Beyond Meat (NASDAQ:BYND) was the story of the spring of 2019.
There is considerable enthusiasm surrounding the rising plant-based protein market. Beyond Meat benefited from this perception and its stock rose from a starting price of $46 to over $220 in mid-summer trading.
However, this surge would come to a screeching halt later in the year.
The company has regained some of its swagger to start 2020.
McDonald’s (NYSE:MCD) announced that it would expand its Beyond Meat offerings to over 50 locations in Ontario, Canada. Beyond Meat burgers also expanded to other major food chains like Denny’s and Starbucks (NASDAQ:SBUX) across the United States.
Shares of Beyond Meat have now climbed 48% in 2020 as of close on February 6. It is expected to report its Q4 and full-year results in the coming weeks.
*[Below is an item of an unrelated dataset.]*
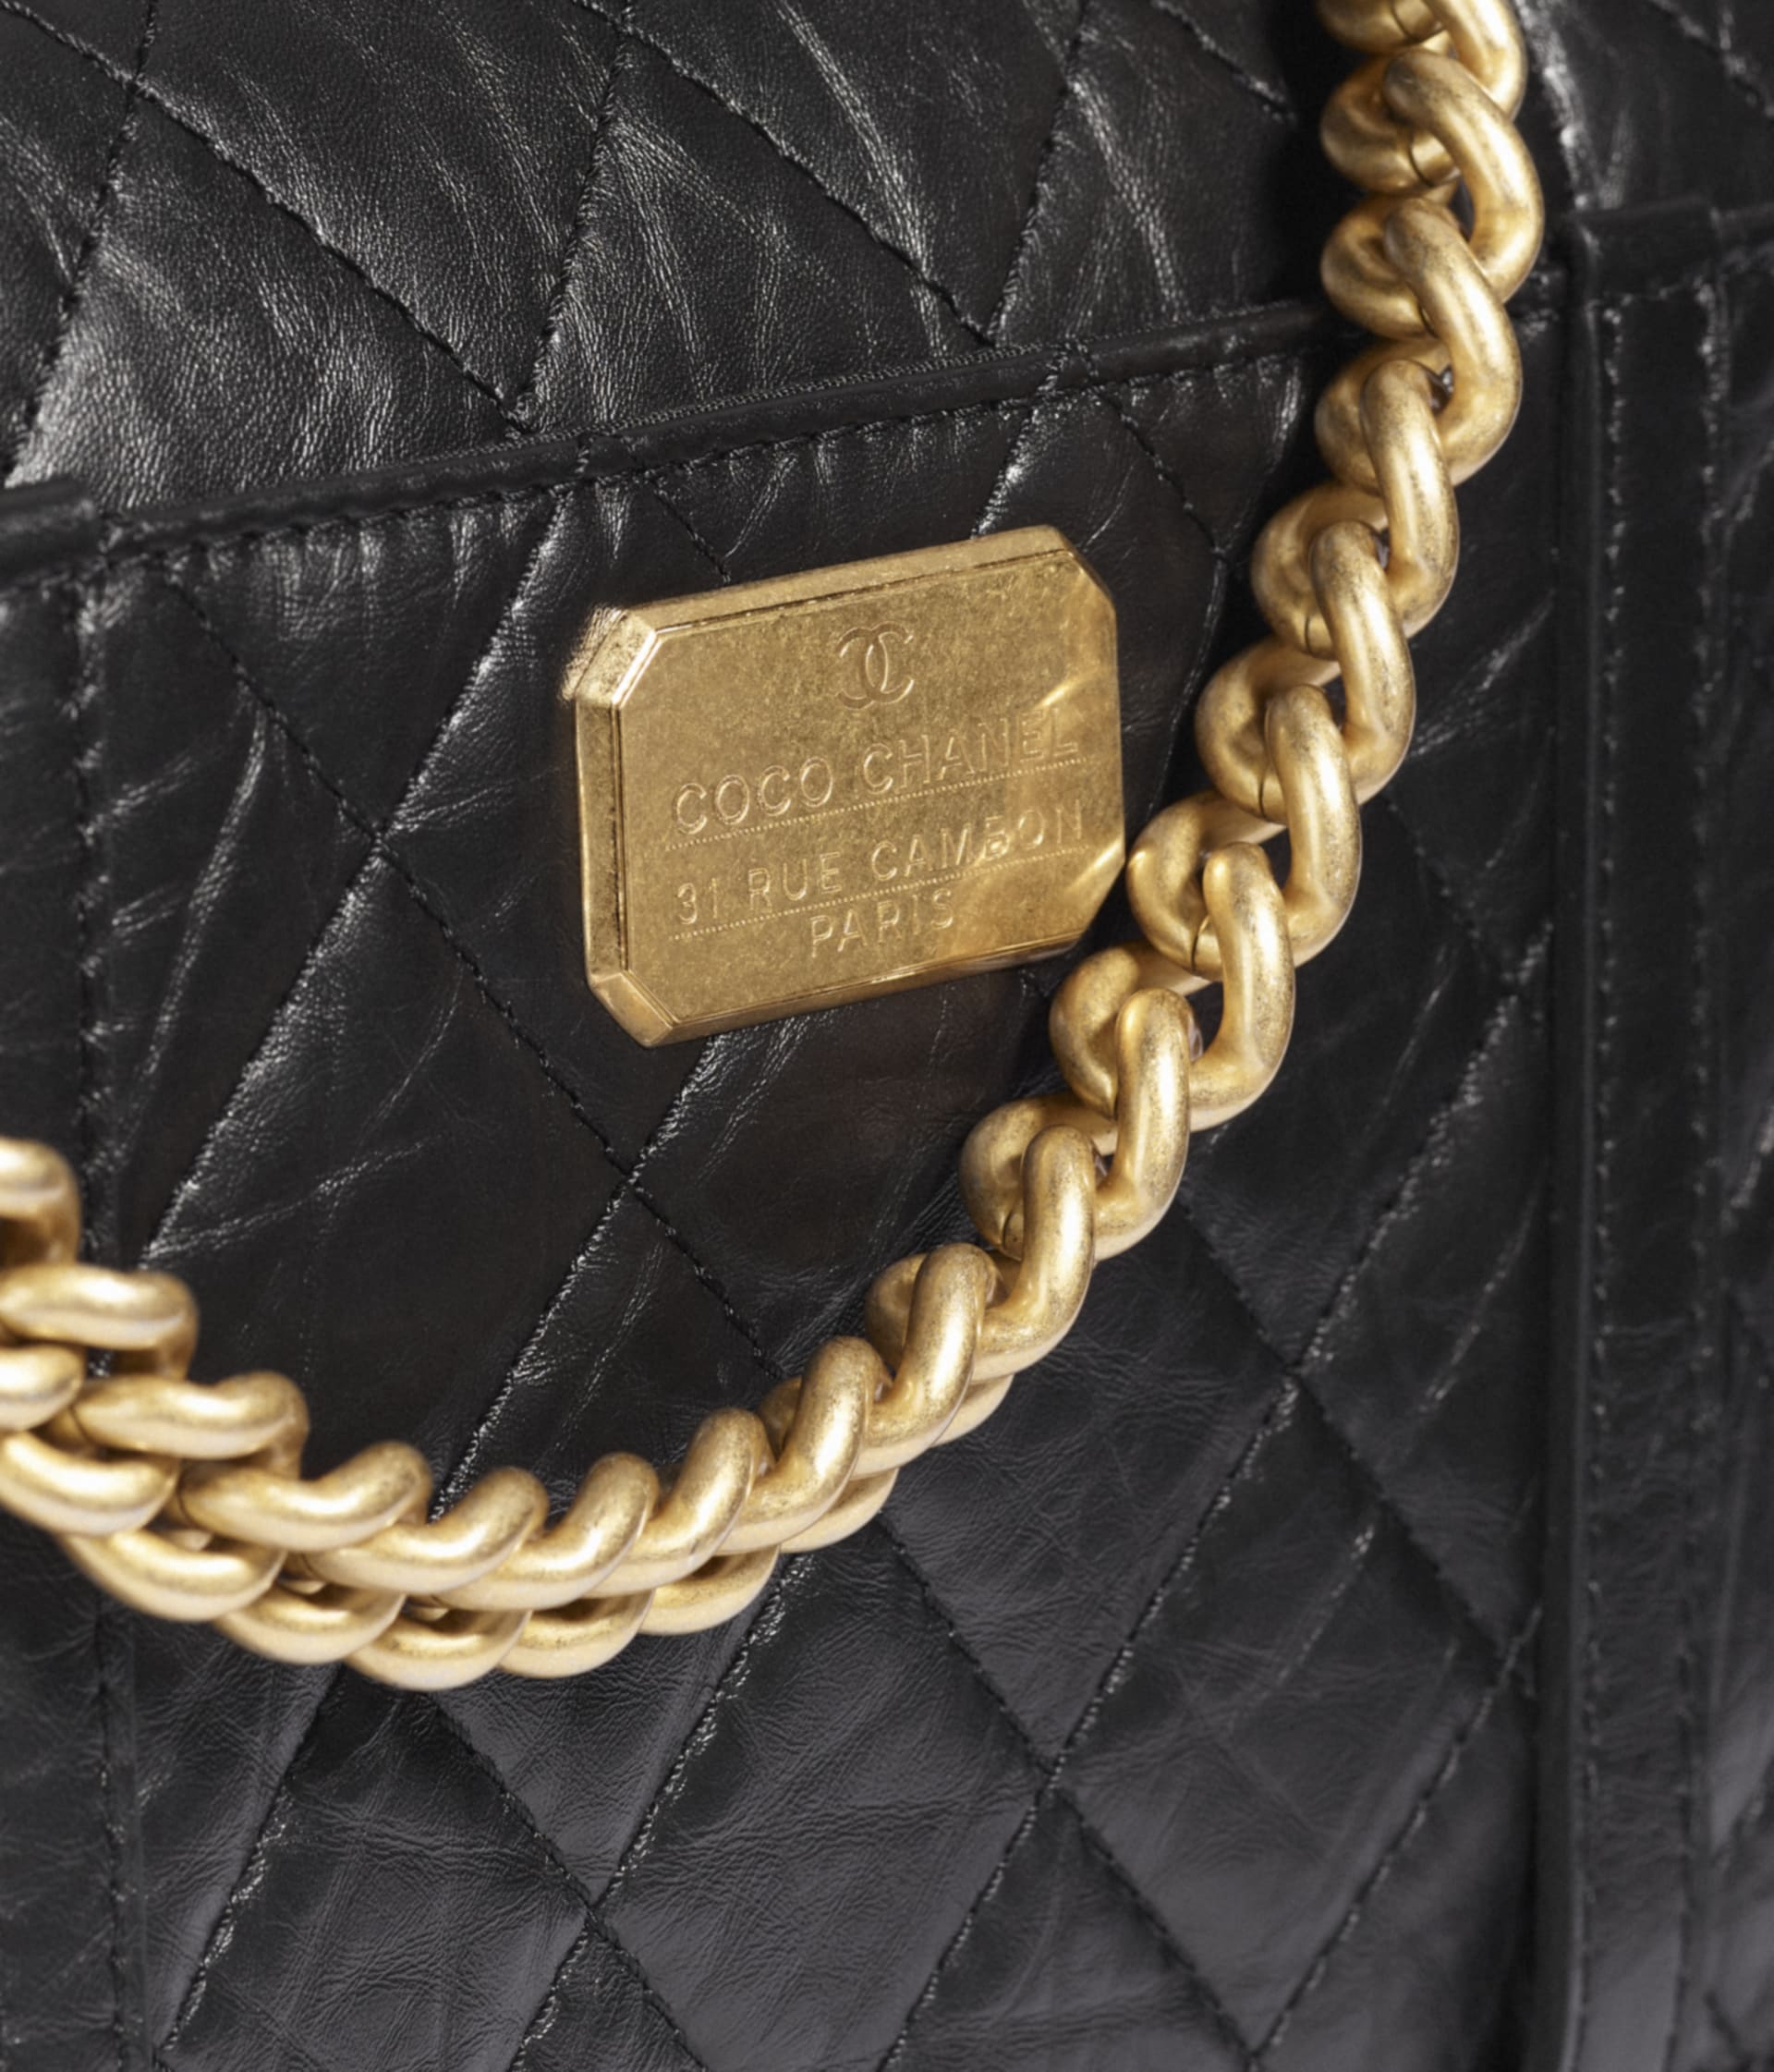 image 4 - Flap Bag - Aged Calfskin & Gold-Tone Metal - Black

In the third quarter, the company posted its first profit of $0.06 per share and revenue rose to $92 million.
Both figures beat analyst expectations. Sales grew across restaurant and grocery divisions.
Beyond raised its full-year outlook for revenue after this solid quarter. It is forecasting revenue in the range of $265 million to $275 million. The company projects adjusted earnings of $20 million for FY2019.
The stock has been highly volatile since its initial run up, but this is not a reason to cast it aside. Beyond Meat boasts high growth potential in a promising sub-sector. Investors will be buying on the up right now, but long-term this looks like a stock that is worth sinking your teeth into.